Sizing the IO Domain

Virtual Networking Explained

A closer Look at Disk Backend Choises

In this article, I will discuss the pros and cons of each of these options and give some recommendations for their use.

In the case of physical IO, there are several options: Root Domains, DirectIO and SR-IOV. Let's start with SR-IOV. The most recent addition to the LDom IO options, it is by far the most flexible and the most sophisticated PCI virtualization option available. Please see the diagram on the right (from the Admin Guide) for an overview. First introduced for Ethernet adapters, Oracle today supports SR-IOV for Ethernet, Infiniband and Fibre Channel. Note that the exact features depend on the hardware capabilities and built-in support of the individual adapter. SR-IOV is not a feature of a server but rather a feature of an individual IO card in a server platform that supports it. Here are the advantages of this solution:

It is very fine grain, with between 7 and 63 Virtual Functions per adapter. The exact number depends on adapter capabilities. This means that you can create and use as many as 63 virtual devices in a single PCIe slot!

It provides bare metal performance (especially latency), although hardware resources like send and receive buffers, MAC slots and other resources are devided between VFs which might lead to slight performance differences in some cases.

Particularily for Fibre Channel, there are no limitations to what end-point device (disk, tape, library, etc.) you attach to the fabric. Since this is a virtual HBA, it is administered like one.

Different than Root Domains and Direct IO, most SR-IOV configuration operations can be performed dynamically, if the adapters support it. This is currently the case for Ethernet and Fibre Channel. This means you can add or remove SR-IOV VFs to and from domains in a dynamic reconfiguration operation, without rebooting the domain.

Of course, there are also some drawbacks:

First of all, you have a hard dependency on the domain owning the root complex. Here's a little more detail about this:
As you can see in the
diagram, the IO domain owns the physical IO card. The physical Root
Complex (pci_0 in the diagram) remains under the control of the root
domain (the control domain in this example).
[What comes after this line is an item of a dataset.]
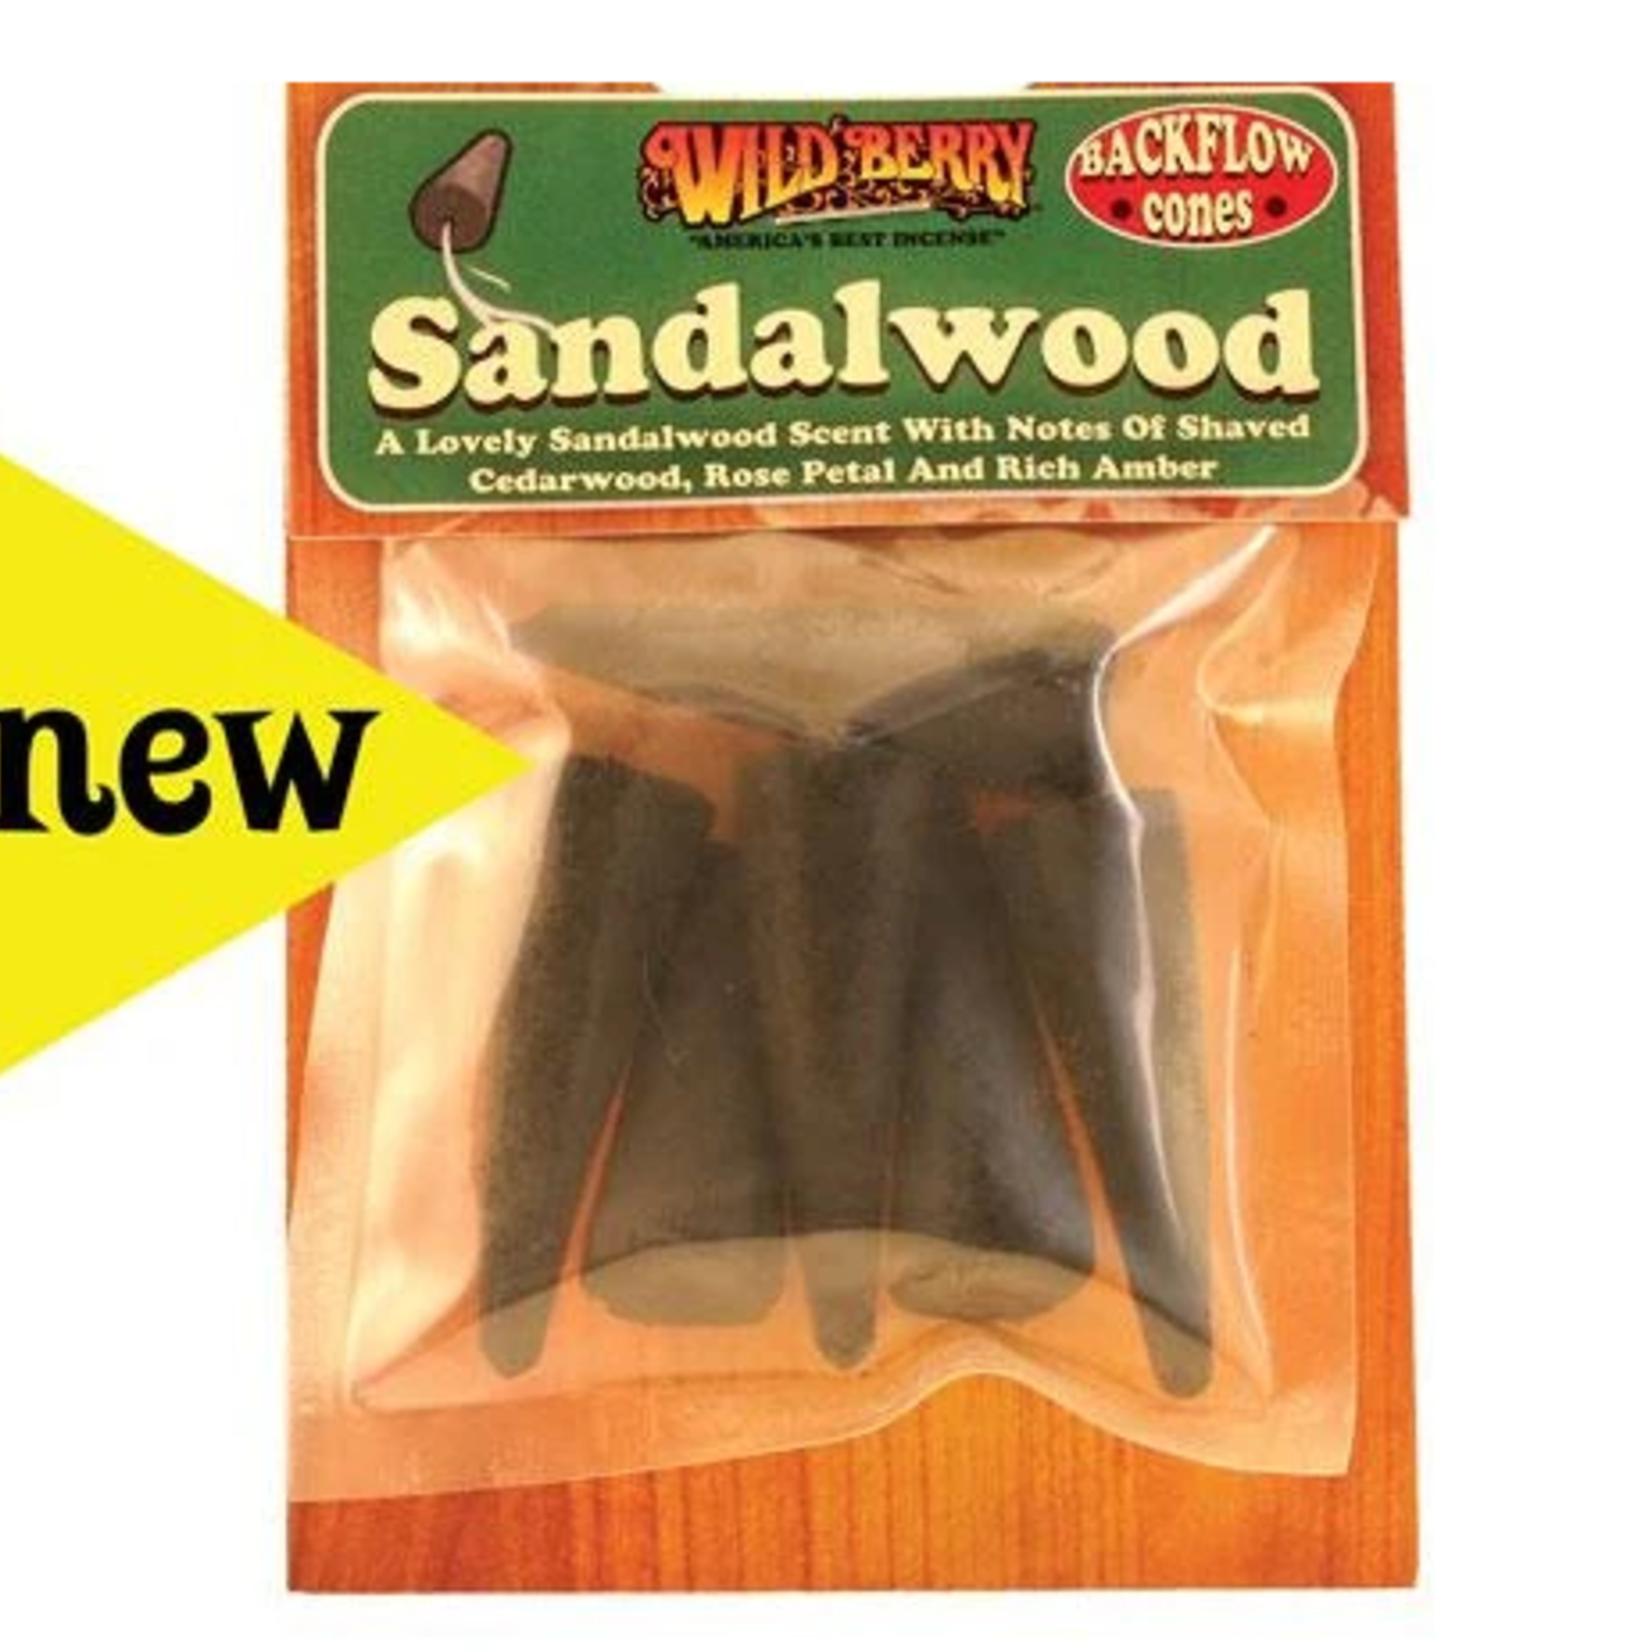 Wildberry- Sandalwood Backflow Incense Cone

This means that if the
root domain should reboot for whatever reason, it will reset the root
complex as part of that reboot. This reset will cascade down the PCI
structures controlled by that root complex and eventually reset the PCI
card in the slot and all the VFs given away to the IO domains. Essentially, seen from
the IO domain, its (virtual) IO card will perform an unexpected reset. The best
way to respond to this is with a panic of the IO domain, which is the
most likely consequence. Note that the Admin Guide says that the behaviour of the IO domain is unpredictable,
which means that a panic is the best, but not the only possible
outcome. Please also take note of the recommended precautions (by
configuring domain dependencies) documented in the same section of the
Admin Guide. Furthermore, you should be aware that this also means that any kind of multi-pathing on top of VFs is counter-productive. While it is possible to create a configuration where one guest uses VFs from two different root domains (and thus from two different physical adapters), this does not increase the availability of the configuration. While this might protect against external failures like link failures to a single adapter, it doubles the likelyhood of a failure of the guest, because it now depends on two root domains instead of one. I strongly recommend against any such configurations at this time. (There is work going on to mitigate this dependency.)
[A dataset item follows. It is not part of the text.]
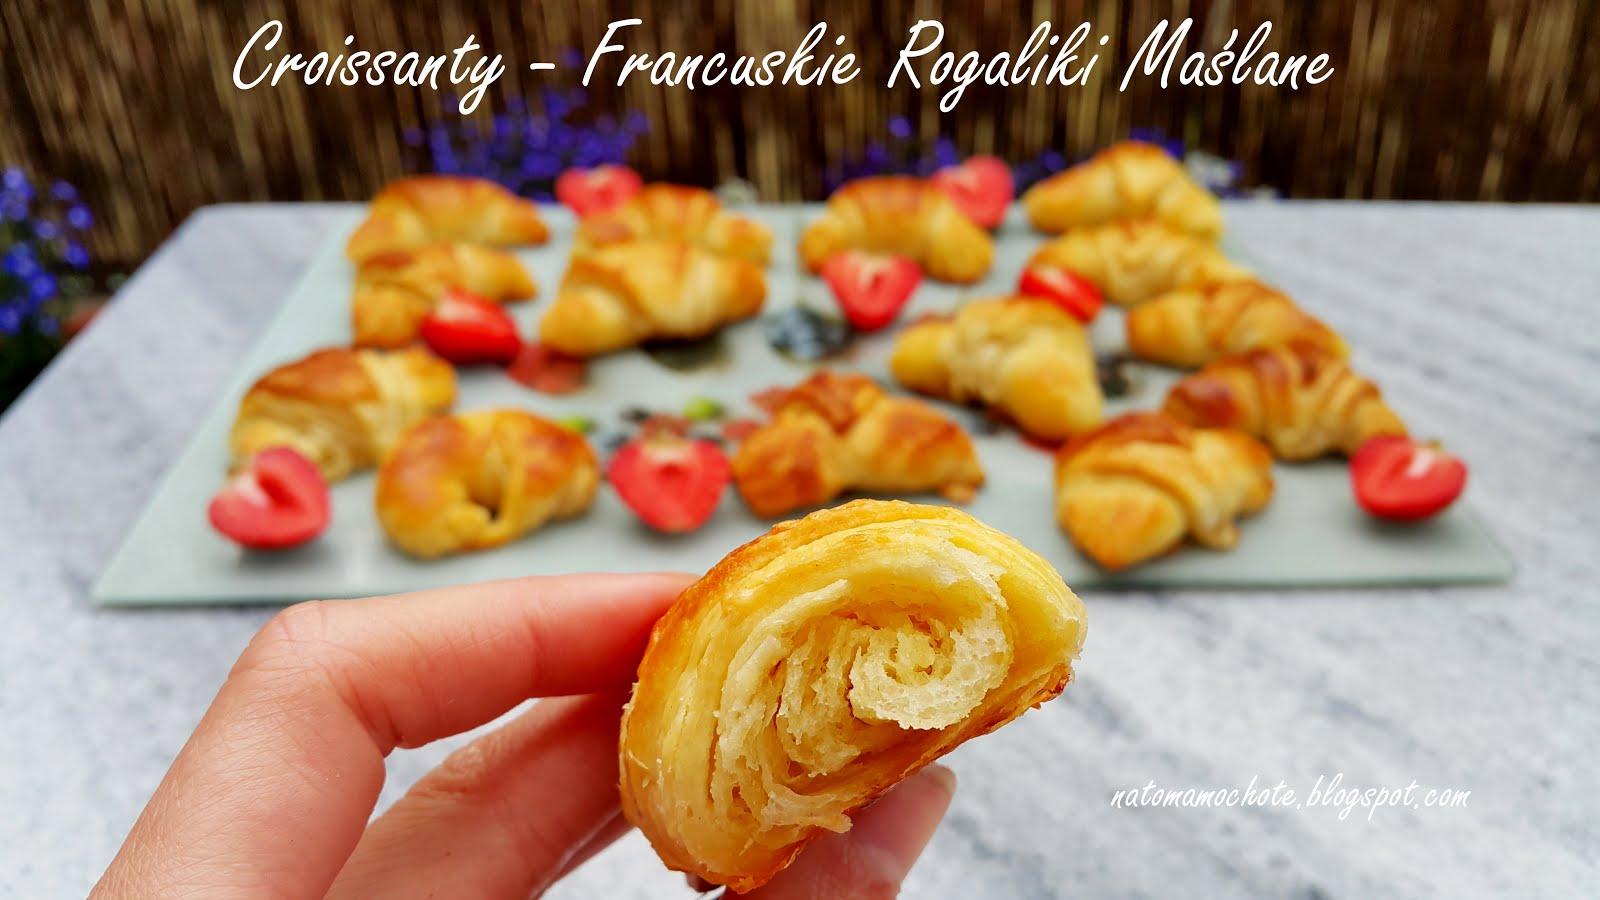 Croissants - Domowe Maślane Rogaliki

Live Migration is not possible for domains that use VFs. In the case of Ethernet, this can be worked around by creating an IPMP failover group consiting of one virtual network port and one Ethernet VF and manually removing the VF before initiating the migration as described by Raghuram here. Note that this is not currently possible for Fibre Channel or IB.
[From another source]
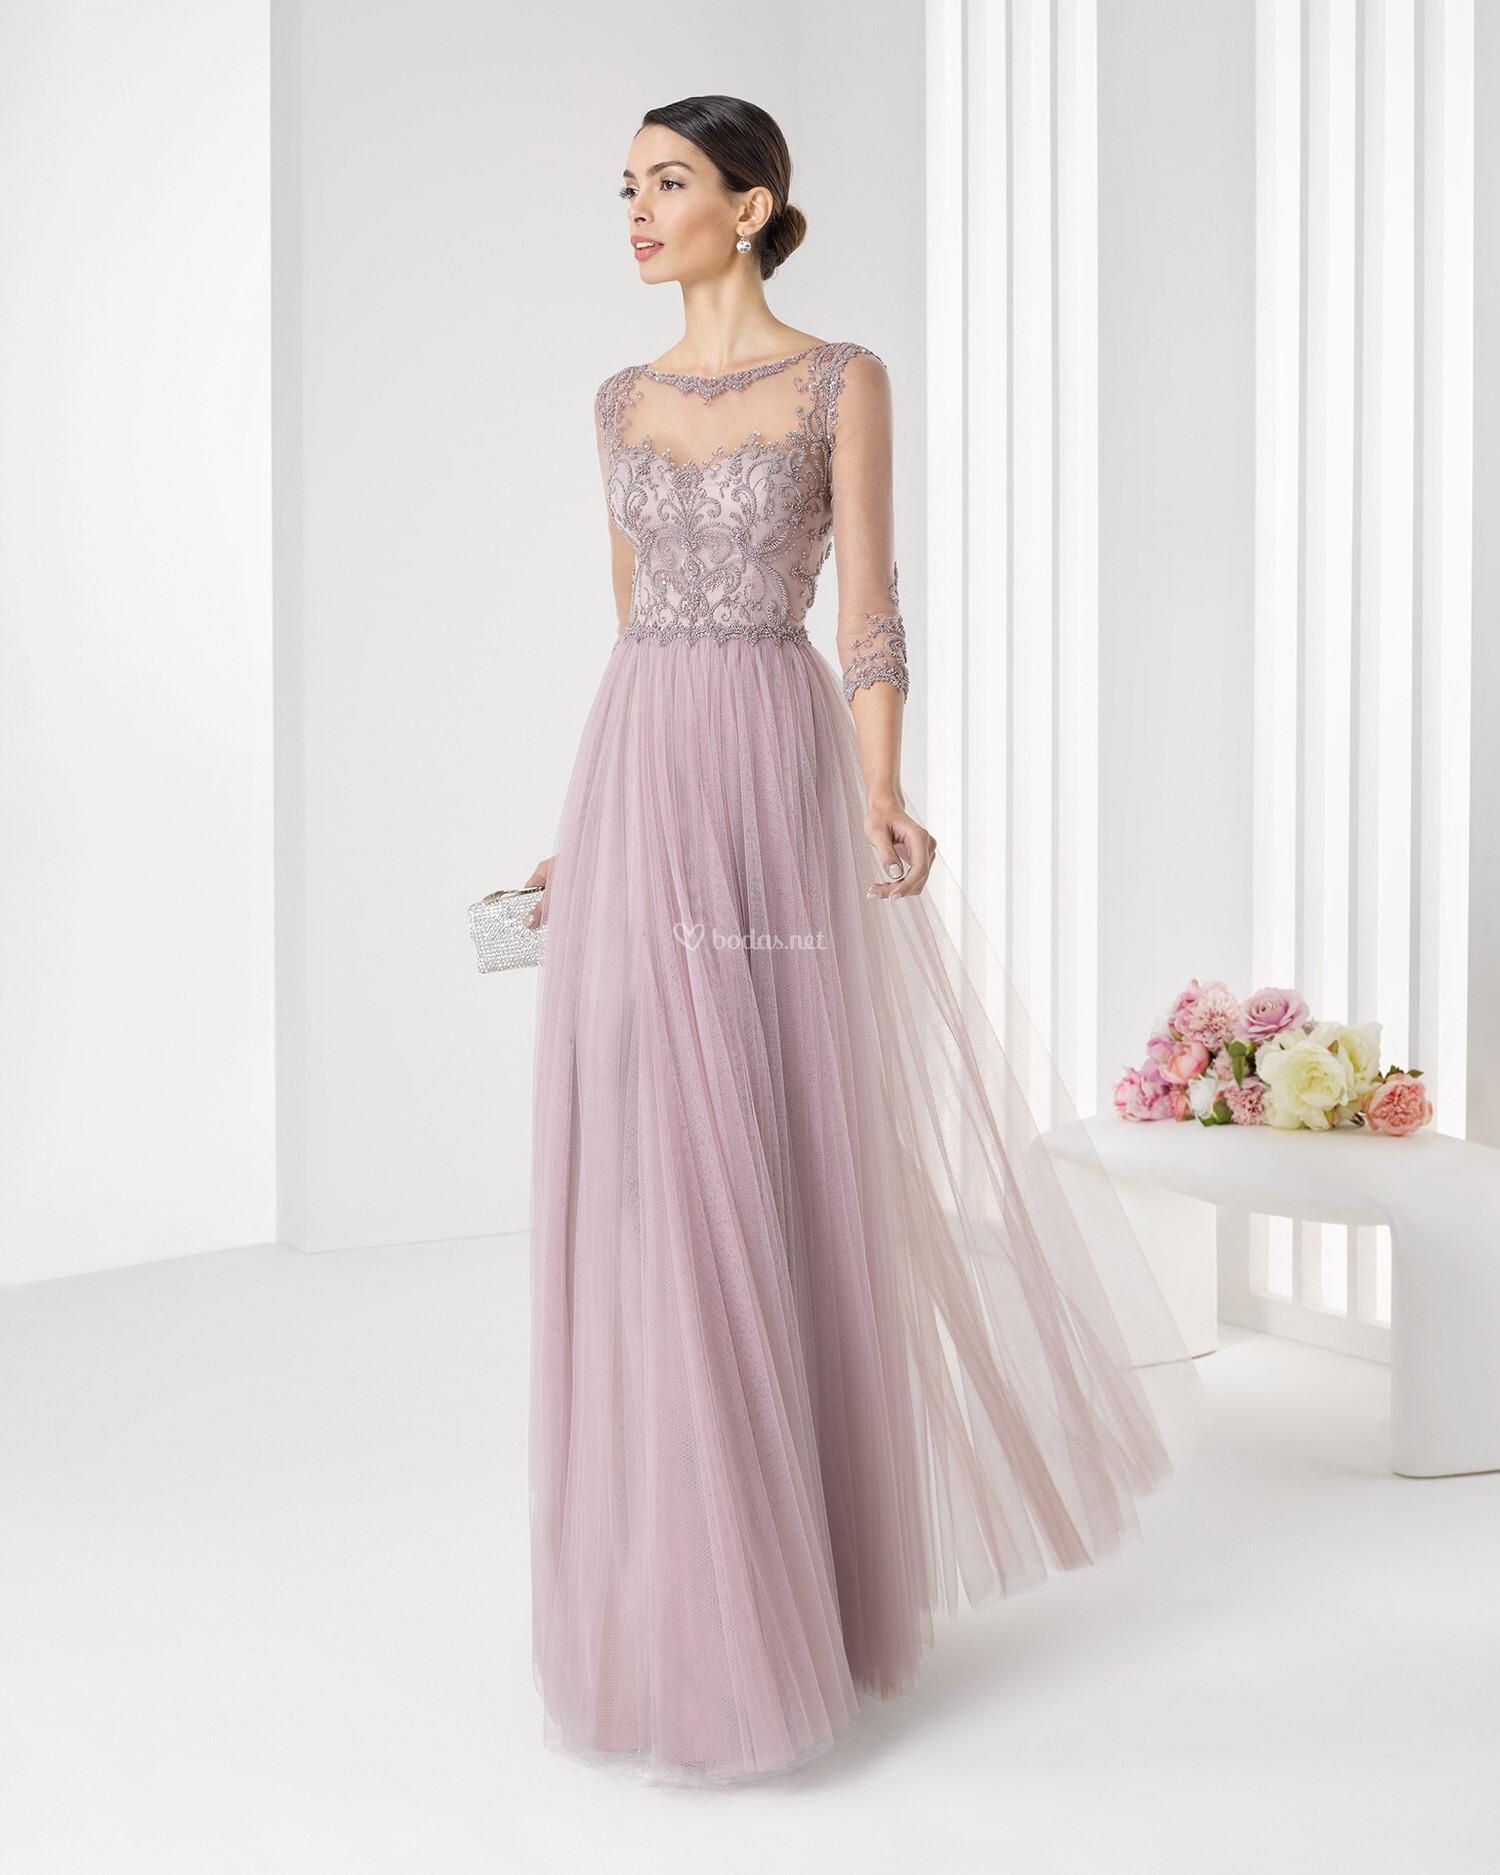 Vestidos fiesta boda rosa clara

Since you are actually sharing one adapter between many guests, these guests do share the IO bandwidth of this one adapter. Depending on the adapter, there might be bandwidth management available, however, the side effects of sharing should be considered.

Not all PCIe adapters support SR-IOV. Please consult MOS DocID 1325454.1 for details.

SR-IOV is a very flexible solution, especially if you need a larger number of virtual devices and yet don't want to buy into the slightly higher IO latencies of virtual IO. Due to the limitations mentioned above, I can not currently recommend SR-IOV or Direct IO for use in domains with highest availability requirements. In all other situations, and definately in test and development environments, it is an interesting alternative to virtual IO. The performance gap between SR-IOV and virtual IO has been narrowed considerably with the latest improvements in virtual IO. You will essentially have to weigh the availability, latency and managability characteristics of SR-IOV against virtual IO to make your decision.

Next in line is Direct IO. As described in an earlier post, you give one full PCI slot to the receiving domain. The hypervisor will create a virtual PCIe infrastructure in the receiving guest and reconfigure the PCIe subsystem accordingly. This is shown in an abstract view in the diagram (from the Admin Guide) at the right. Here are the advantages:

Since Direct IO works on a per slot basis, it is a more fine grain solution, compared to root domains. For example, you have 16 slots in a T5-4, but only 8 root complexes.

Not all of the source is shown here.